Today, March 20th 2018, is the spring equinox. Equal number of day light and nighttime hours. Can’t speak for Helheim or Jotunheim but today, on earth, it’s spring! Before you get too happy-cheery-springy, remember that a handful of powerful deities will awaken today. Campers, please make room for. . . the Springtime gods:
RA
The all-powerful Ra is Egyptian god of the sun, daytime, light, heat, life, order, and pretty much everything else. Though he’s often referred to as the most powerful of the Egyptian deities, he did get bested by Isis when she forced him into the House of Rest. Before Carter and Sadie Kane revived him on the spring equinox, Ra had become a frail, senile old man spouting complete nonsense. Apparently not even the sun god is immune to the downsides of early retirement.
ZEPHYROS
The Greek god of spring and the west wind is most notable for his centuries-long rivalry with Apollo. Back in the day, Zephyros was crushing on a handsome young Spartan prince named Hyacinthus . . . that is, until he caught the prince playing discus with Apollo.
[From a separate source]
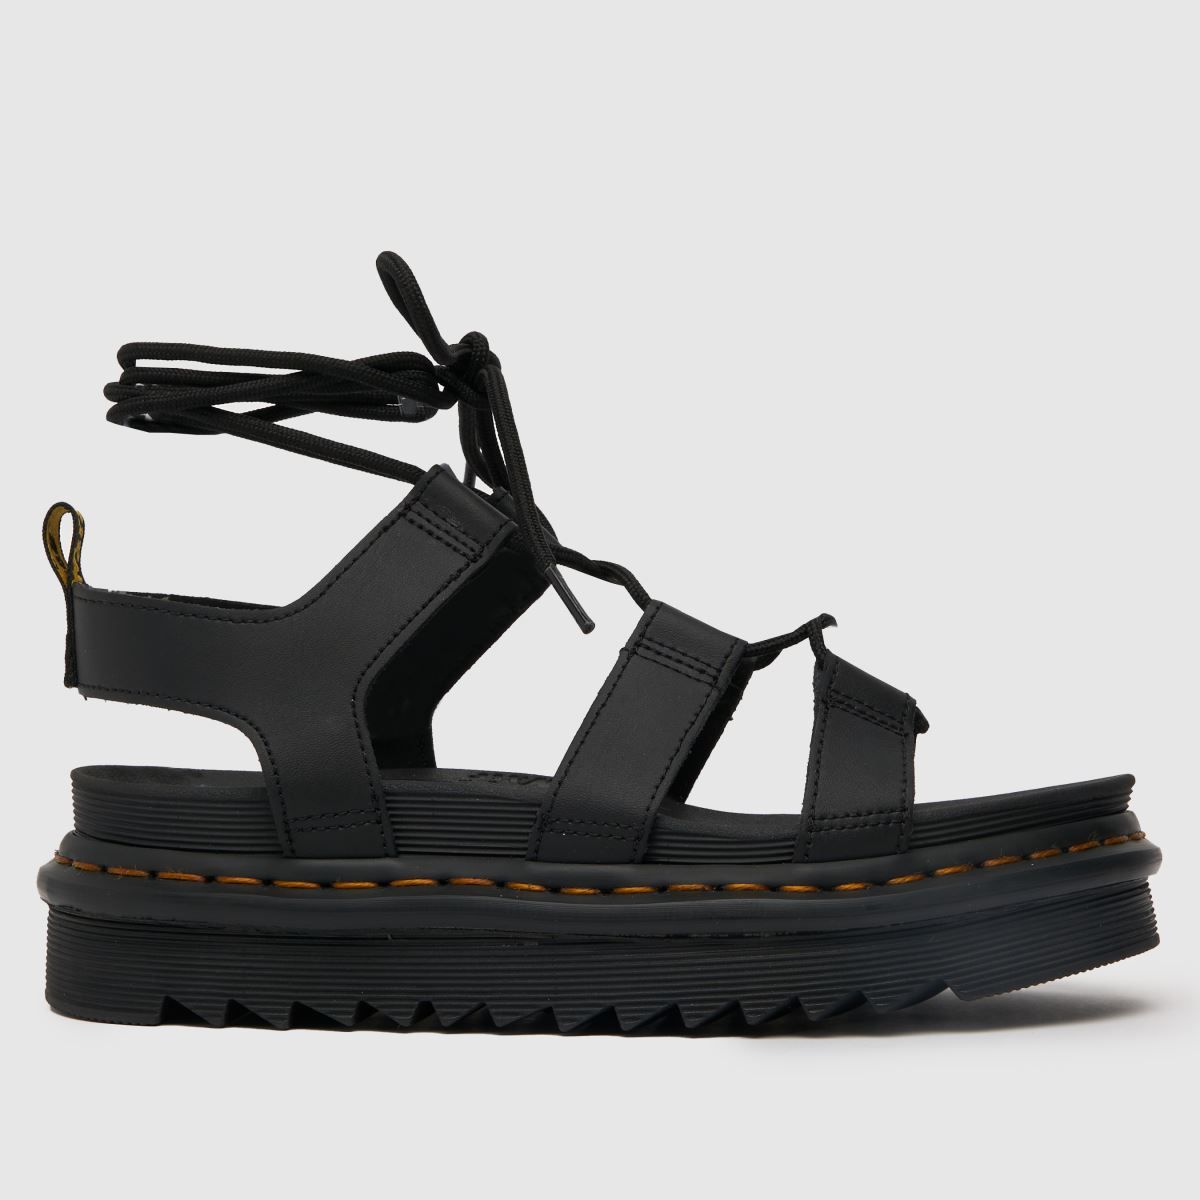 Dr Martens nartilla sandals in black | Schuh

Then he fell into a jealous rage and well, may have accidentally blown the discus into Hyacinthus’s head.
IDUNN
Idunn is the Norse goddess of spring and eternal youth. She earned this title by hoarding enchanted apples that grant immortality. The fruit allows the Norse gods to retain their youthful appearance, but it comes with a limited warranty: it is powerless in preventing death due to Rangarök. Still, the apples are delicious and never out of season, and no doubt Idunn could make a killing by selling them to mortals.
BALDER
Idunn is not the only Norse god of spring . . . there’s also poor old Balder. Too bad he’s so easy to forget. Despite being the god of light and a good guy all around, he always seems trapped in the shadow of his infinitely more famous brother, Thor. It doesn’t help that Balder was one of the few Norse gods to die before Ragnarök. He perished after being shot by his brother, Hod, with a dart made of mistletoe, his (oddly specific) one weakness. The real mastermind behind the murder of course, was Loki, who’s always been more of a winter guy.